Friday, February 12, 2016

Did I Miss Another Debate?

Both candidates promised large-scale criminal justice reform and comprehensive immigration reform, including a pathway to citizenship for the 11 million undocumented immigrants currently living and working in the United States.

In a fiery exchange over immigration, Clinton accused Sanders of voting against the 2007 immigration reform bill that included a pathway to citizenship. Sanders defended his vote, arguing that civil rights and immigrant groups were also opposed. “‘I don’t apologize for that vote,” he declared. Then he turned on Clinton for her contention that children fleeing violence and poverty in Central America should be “sent back”.

Clinton also disavowed a controversial remark by former secretary of state Madeleine Albright, who told voters at a rally in New Hampshire that there was a “special place in hell for women who don’t help each other”.

“I have spent my entire adult life making sure that women are empowered to make their own choices, even if that choice is not to vote for me,” Clinton said, acknowledging that young women have so far favored Sanders.

  Guardian
Thanks Madeleine.
For much of the night it felt like there were three Democrats on the stage in Milwaukee as the candidates spent so much time debating the record of Barack Obama. Clinton seemed determined to claim the mantle of protector of the Obama legacy, an unambiguous signal to the voters of South Carolina and Super Tuesday states like Alabama and Georgia
A good gamble unless they've all wised up to Obama.
Clinton said Obama did not get the credit he deserved and said Sanders had not stood with the president, calling him “weak” and “disappointing”. She accused her opponent of making personal attacks of a kind she would have expected to hear from Republicans.

“Madam Secretary, that is a low blow,” Sanders said. “I have worked with President Obama for the past seven years ... President Obama and I are friends ... it is really unfair to suggest I have not been supportive of the president.”

In a final slap-down, Sanders said: “One of us ran against Barack Obama. I was not that candidate.”
Oopsie. Will she have to stay away from that angle now?
The foreign policy section of the debate went down a strange historic cul-de-sac as Sanders denounced Henry Kissinger, the grand old man of Republican diplomacy, sharply criticising Clinton for acknowledging that she had turned to her 92-year-old predecessor for advice while she was secretary of state.

Sanders called Kissinger “one the most destructive secretaries of state in the modern history of this country ... Henry Kissinger is not my friend.”

Clinton responded with a jibe, demanding of Sanders: “Who do you listen to on foreign policy? We have yet to know who that is.”
Diplomacy? I think there should be another more accurate name for what Kissinger did.
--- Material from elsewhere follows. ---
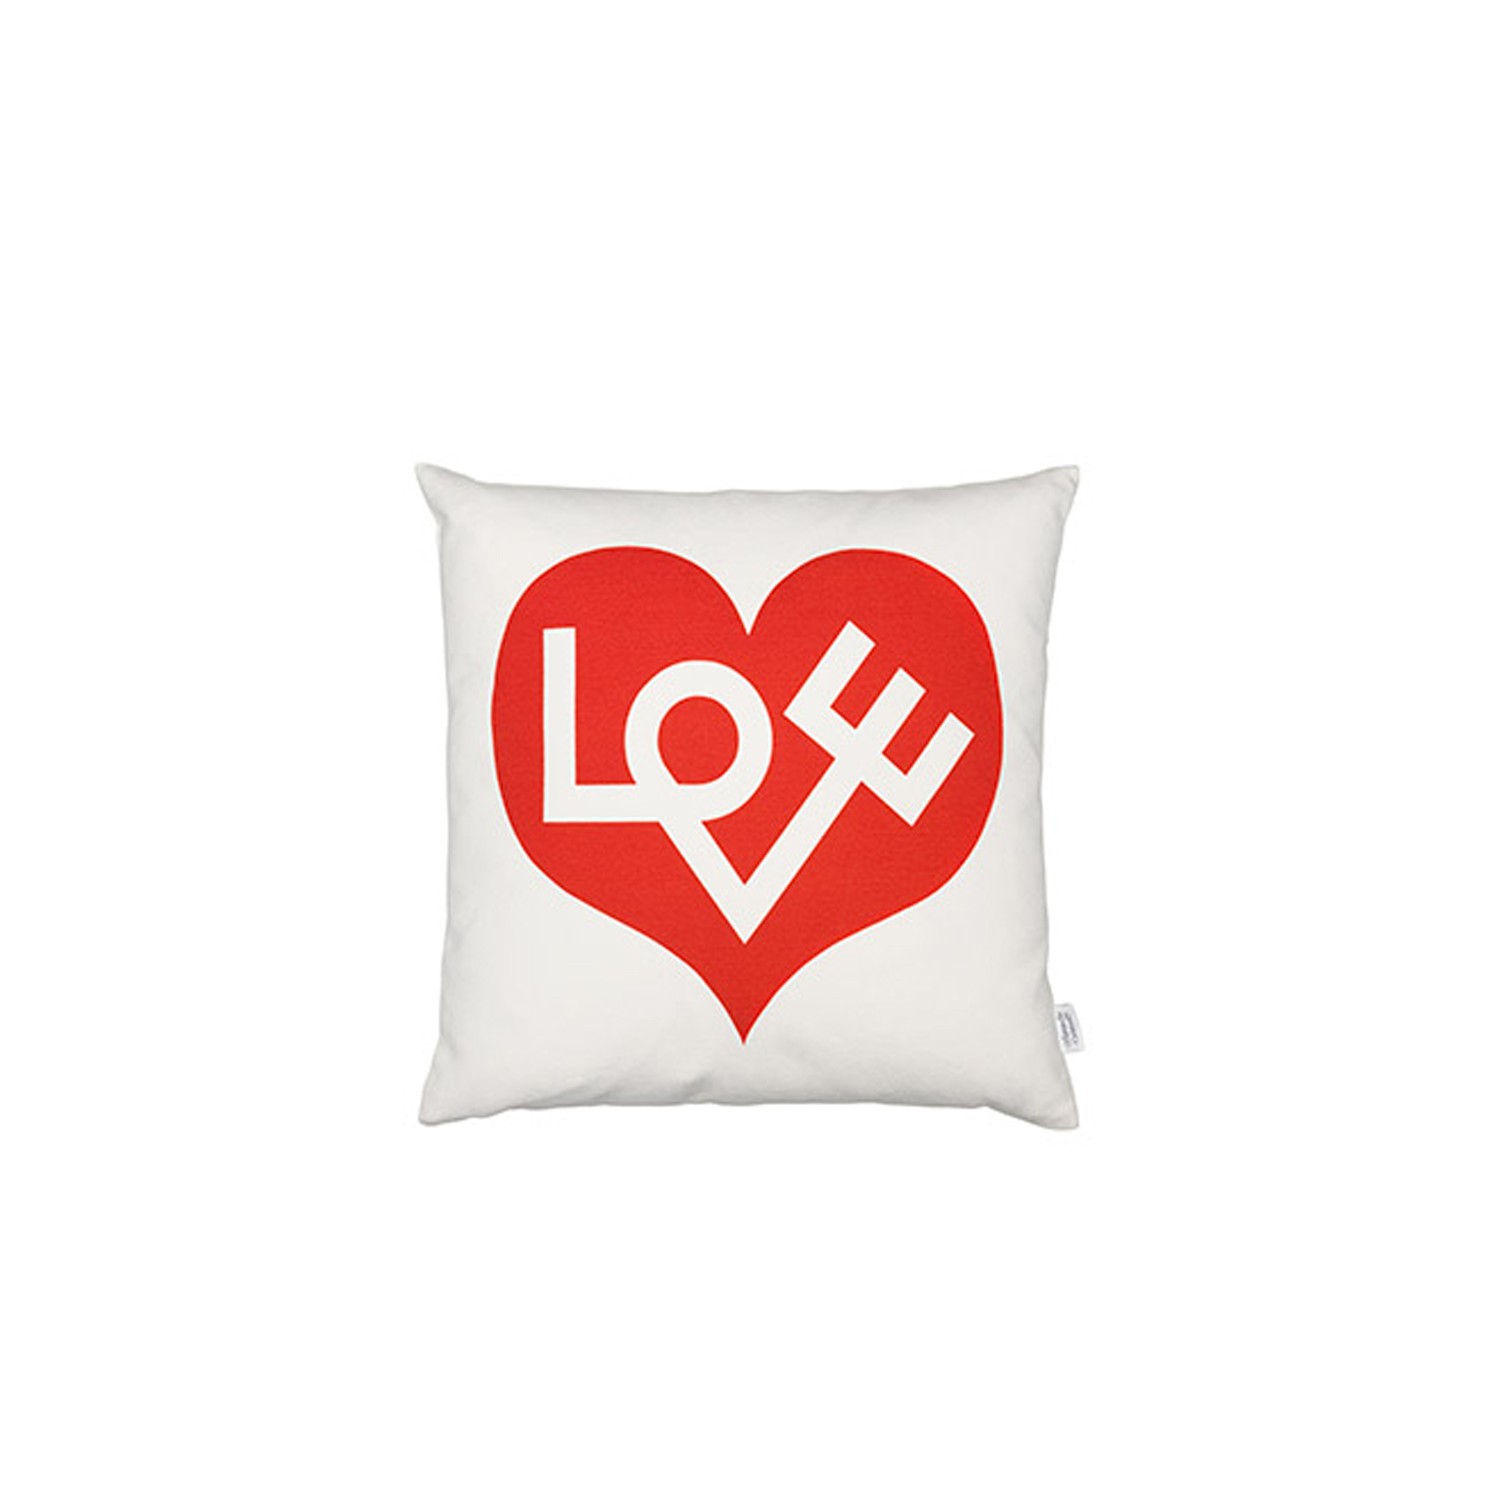 Como hacer Cojines con Corazon :: Decora Pillow diy: Pillow heart

And Hillary will make up for courting Kissinger by courting blacks in the news.
Clinton has announced plans to campaign with the mothers of Trayvon Martin, a black teen killed by a neighborhood watchman, Eric Garner, a black man who died after being placed in a police chokehold, and Sandra Bland, a black woman who was found hanged in a Texas jail after being pulled over for a broken tail light.
Why not the daughter of Eric Garner? Because Bernie Sanders got there first.*
Sanders largely stuck to his script, even when given the opportunity to move off message.

“This campaign is not only about electing someone who has the most progressive agenda, it’s about bringing tens of millions of people together to demand that we have a government that represents all of us and not just the 1% who today have so much economic and political power,” Sanders said in his closing speech.
Yeah, it probably wouldn't be such a good idea to move off message "even when given the opportunity" if your message is what is getting you votes.

...but hey, do what you want...you will anyway.

*Here's Erica Garner:
Last week we made a commercial to express to the world exactly why I am endorsing Bernie Sanders for President. The Sanders team allowed me and my team full creative control of this video so this message is 100% my message and my views! They had a totally different idea of what should be done, but true to form with Senator Sanders, he listened to me, didn’t tell me he knew better and I was not practical and this is what we produced.

The Senator didn’t reach out to me all of a sudden because he needs help with Black people. He didn’t put out a press conference announcing that we would be working together. He didn’t force me to frame my support of him around a subject matter that special interest groups that support him can get behind. They said we are glad to have your support, how do you want to plug in. You will see a lot of Black leaders handing out endorsements, think to yourself, have they historically been a rubber stamp for the establishment? I hope this expresses why I think Bernie is our guy!